If Québec wants to protect the integrity of their French culture, perhaps it’s time to focus their energy on fixing their infrastructure and political structure before worrying about what types of words are used to describe Italian cuisine.



  1. What an embarrassing pile of garbage. Bill 101 is not new, it was enacted as law 35 years ago. It has not caused turmoil at all, and is supported by the vast majority of Quebecers. It provided clear rules for the entire society on language issues, to replace the free-for-all of Anglophone business managements forcing the French majority to work in their second language. Language legislation is common all over the world, levelling the playing field anywhere a minority with economic clout (like the Anglophone business class in Quebec) ignores the language of the majority and obliges the majority to shop and work in the minority language, limiting the career potential of the majority in their own province, state or country.

    The inaccuracies (or lies) in this article are too numerous to mention, but some of the most outrageous must be countered. There are no “restrictions minimizing English speakers” in businesses. The law states that for businesses with more than fifty employees, the language of operations must be French. In BC (where I just visited), I don’t know of any 50+ employee businesses that don’t operate in the majority language of the province (English). Are the Francophones in BC (or the Sikhs, or the Chinese) hard done by because of this? No, because they are bilingual and know the majority language enough to get by.
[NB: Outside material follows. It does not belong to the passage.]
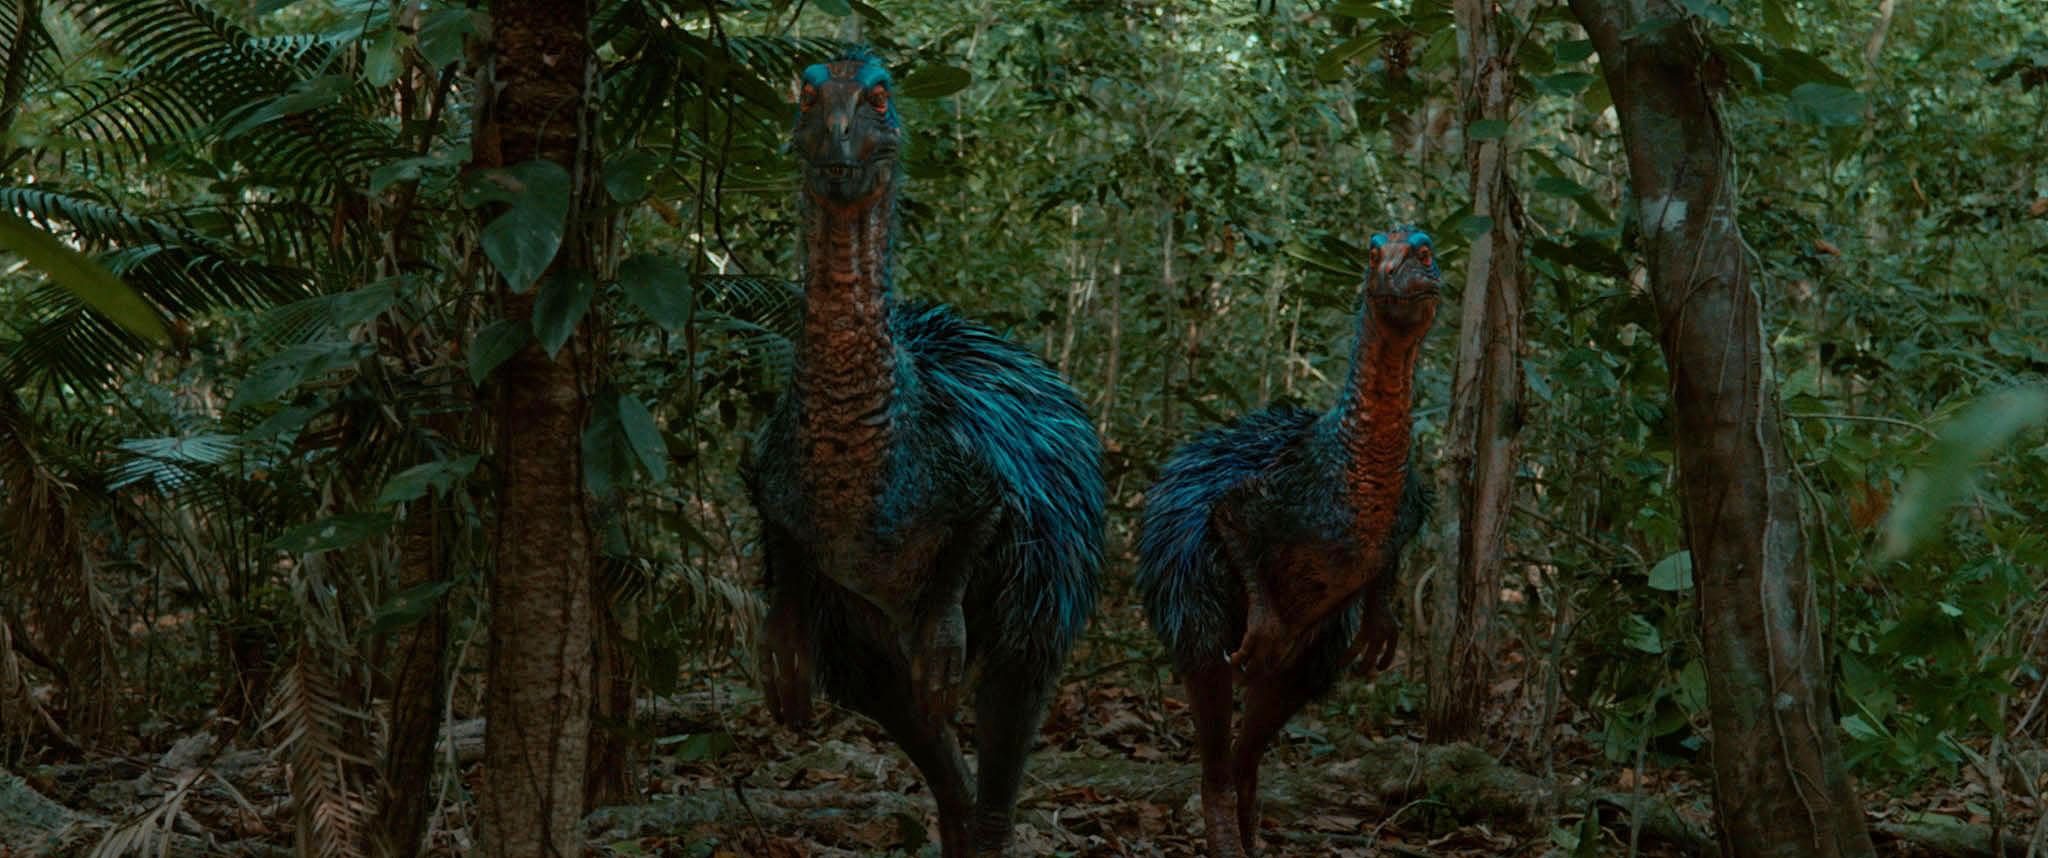 dromaeosaurus_2014_01.jpg

Most Anglophones in Quebec are bilingual.

    And municipalities are not “punished” for having too many English speakers. That’s insane. Some municipalities have a bilingual status and can carry on their municipal business principally in English, even though their populations are over fifty percent Francophone. There are proposals of some of them losing their bilingual or Anglophone municipality status. How many Ontario towns carry on their municipal business in French when the majority is Anglophone? Again, very normal.

    Many Quebec Anglophones like myself think the media in the rest of the country has gone off the deep end with their criticisms of Quebec. I was in BC recently and saw NO French ANYWHERE. At least in Quebec the signage is bilingual and English services are readily available practically everywhere. English Canada has a common public language, English, that Francophones, Sikhs, Chinese and First Nations peoples all respect and use in public interactions. No one is hard done by by this. It’s just the same in Quebec. But the common, public language is French. Simple.

  2. As for Pastagate, the word “pasta” did not appear as one of the offending words in the letter sent to the restaurant. The inspector did probably mention it to the restauranteur directly, but they were other, less recognizable terms that were cited in the letter (which has circulated in French media, but not in English media). Also, the problem is never with the fact that there is an Italian word, or an English word – it’s that there is NO ACCOMPANYING FRENCH. Bilingual signage, menus, documentation is all fine, as long as the French (the majority language) is there as well. Once again, perfectly understandable. But it sells newspapers when English media listens to one side of the story and blows everything out of proportion.

    There would be no need for language legislation if Anglophones in Quebec respected the common, public language of Quebec the way Francophones and other linguistic minorities respect English as the common public language in the rest of the country.

    Quebec is not “crumbling”. I’ve lived in BC, in Ontario and travelled plenty and it’s the greatest, most stimulating place to live in Canada, IMO. Most of my Anglo-Quebec compatriots would agree, or they would not be living here.

    It’s Quebecers themselves that are “placing a critical eye” on their own “state” (as this author so awkwardly puts it). Other jurisdictions in Canada would do well to take a look under the rug as well. Much of the graft and collusion the Charbonneau Commission is uncovering in Quebec isn’t even illegal in some provinces.